The first was with reference to the admission in evidence of the papers purporting to be the dying declarations of Luciano Cantu, the murdered man. We think the evidence came fully up to the rules prescribed by the statute. Pasc. Dig., art. 3125. See, also, Lister v. The State, 1 Texas Ct. App. 739.
The question presented in the second bill of exceptions Is one which has been settled by this court in the case of Treadway v. The State, 1 Texas Ct. App. 668. The recall of a witness for the purpose of laying a predicate to impeach him is a matter confided to the discretion of the judge presiding at the trial, and his action upon it will not be revised by this court when the record fails to show that his recall was necessary to a due administration of justice (Pose. Dig., art. 3046), or unless it be made to appear that the discretion has been abused to defeat the ends of justice. Kemp v. The State, 38 Texas, 111; Roach v. The State, 41 Texas, 262.

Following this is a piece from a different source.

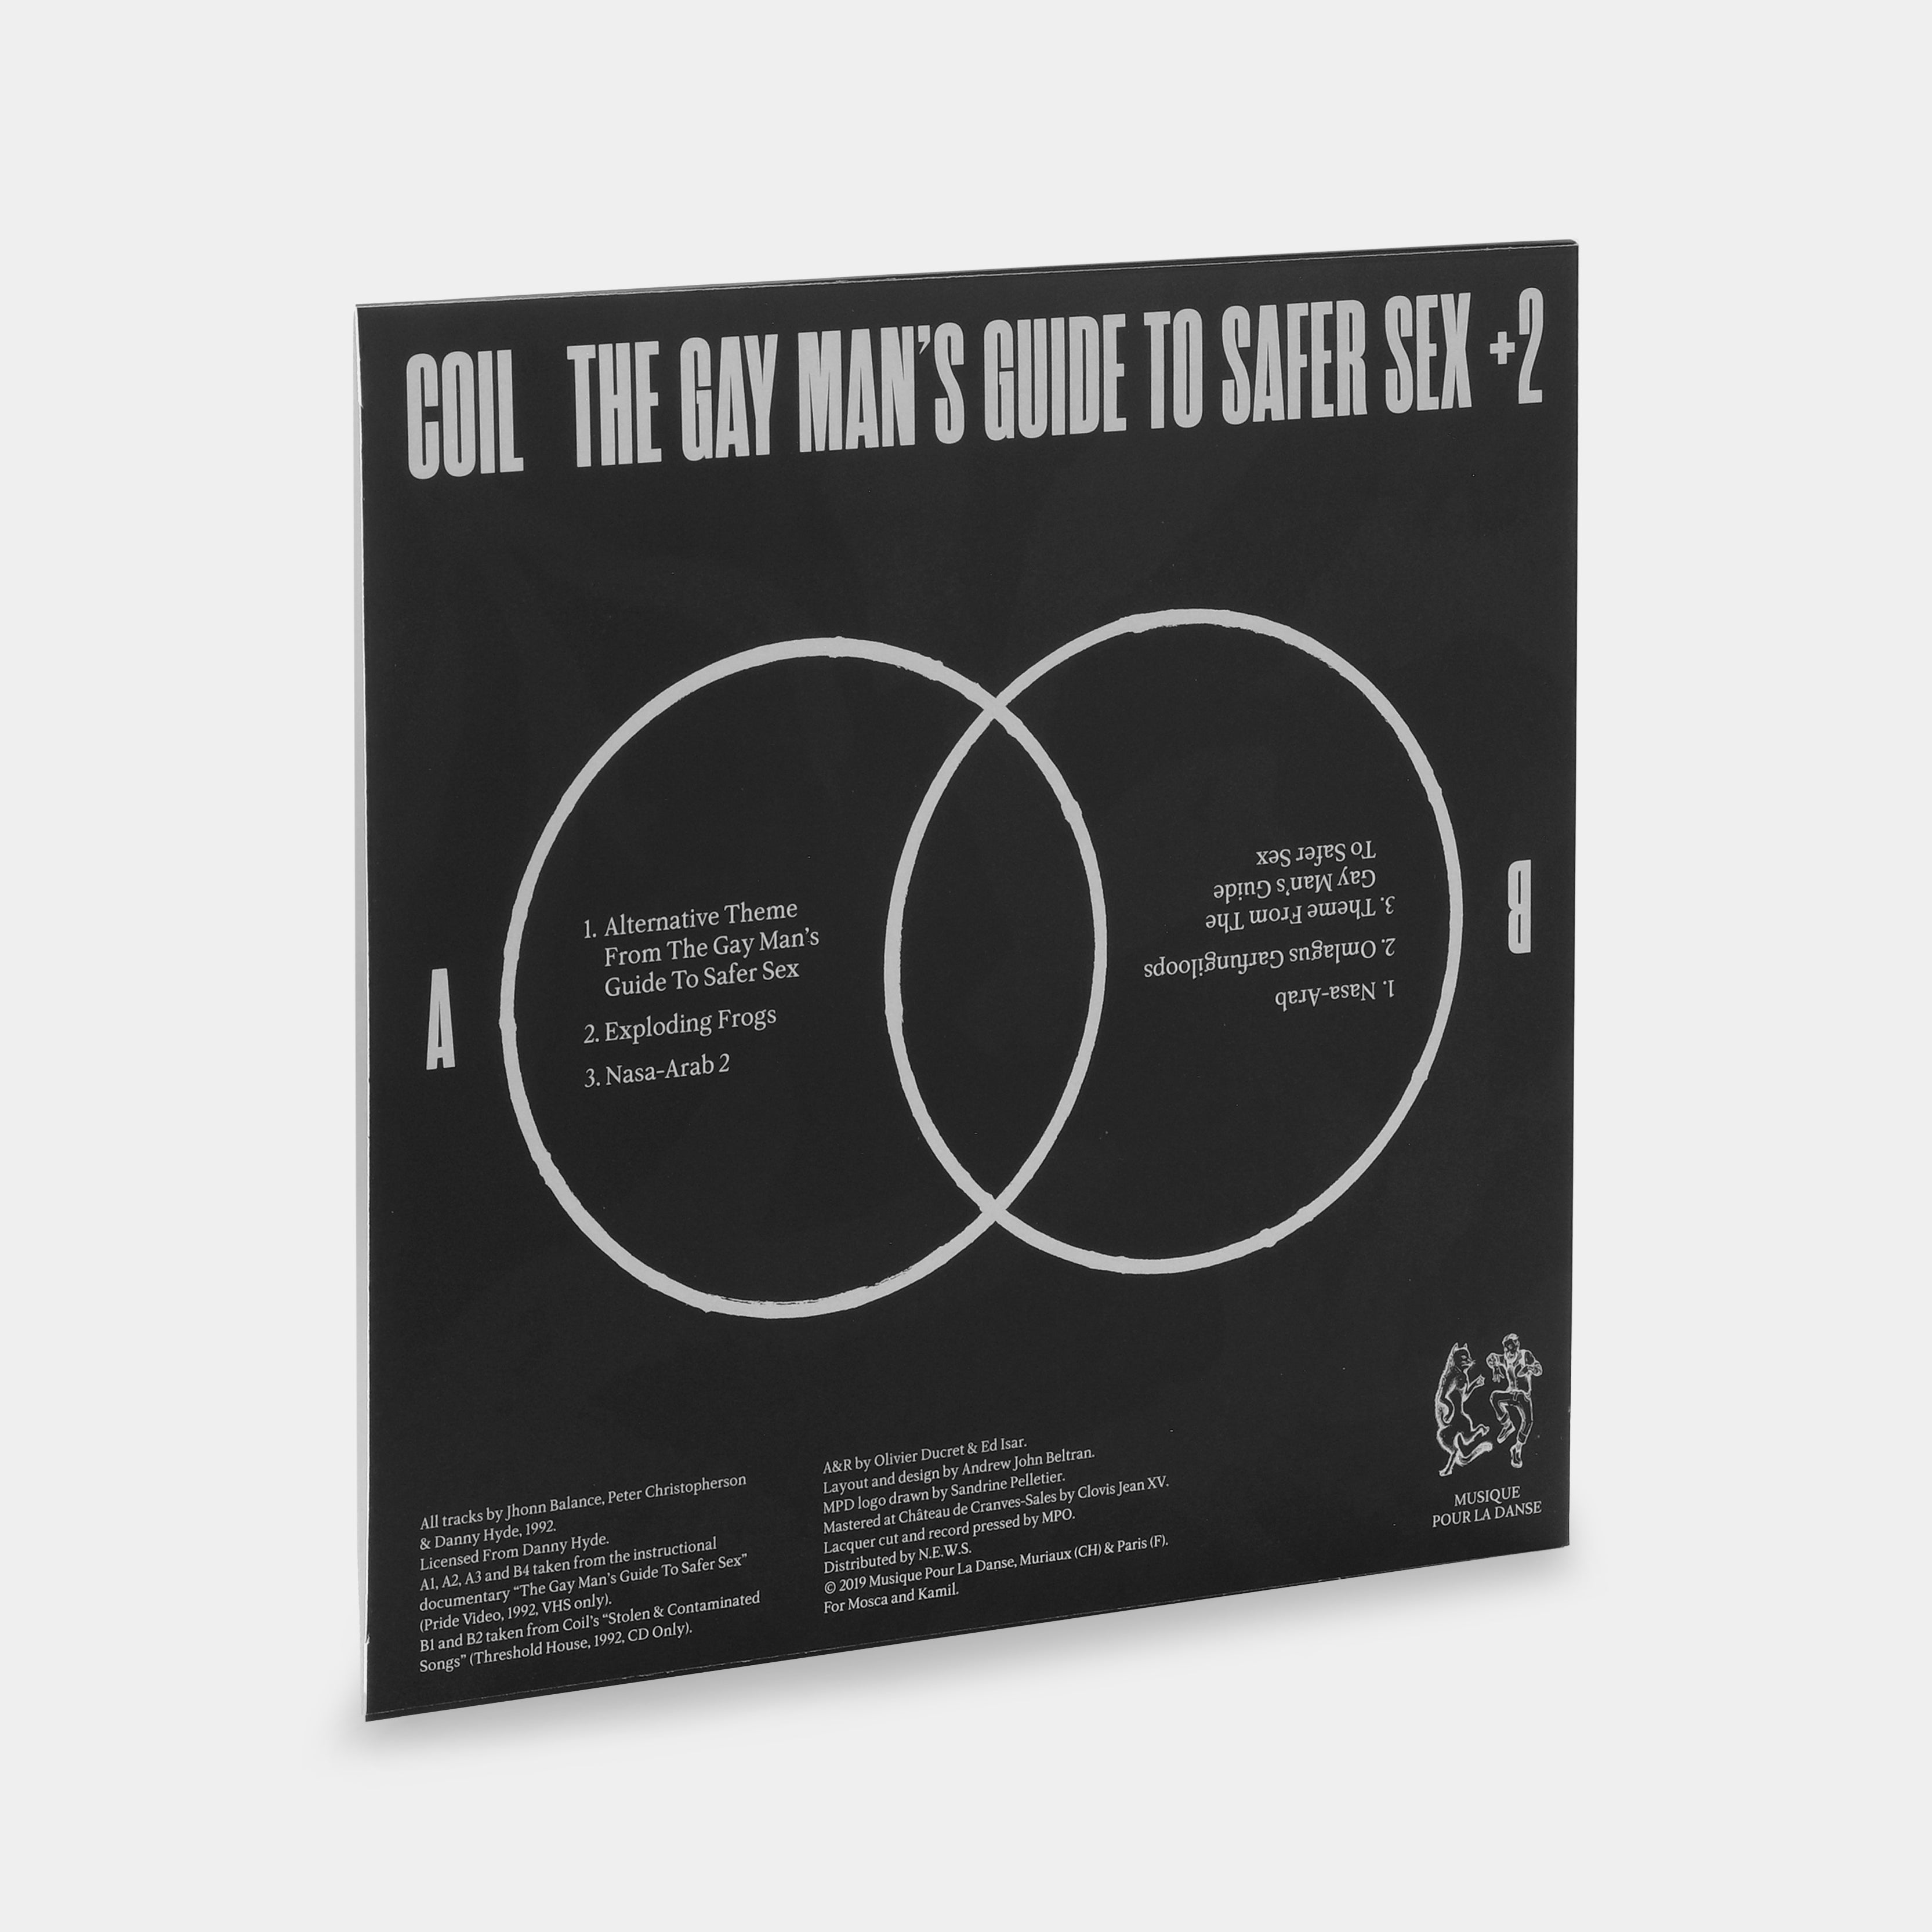 Coil - Theme From The Gay Man's Guide To Safer Sex +2 LP Vinyl Record

The fourth bill of exceptions, which we will next notice, was to the ruling of the court in requiring the defendant to pass upon each juror of the special venire separately, while the defendant claimed the right to have a list of the jury, prepared by the clerk and fqrnished to his counsel, from which he might first styilce the names of those whom he challenged. This identical objection was presented in the case of Taylor v. The State, decided at the present term, and the ruling of the court below was held to be correct. Ante, p. 169. It was further held in that case that the rules provided for the selection of juries, as prescribed in section 22, Acts of Fifteenth Legislature, page 82, applied to trials other than capital felonies ; and that section 23, with reference to special venires, not being in conflict with and .not having *293provided a different mode or manner, the rule as laid down by our Supreme Court in the case of Horbach v. The State, 43 Texas, 242, would be still recognized as the correct practice.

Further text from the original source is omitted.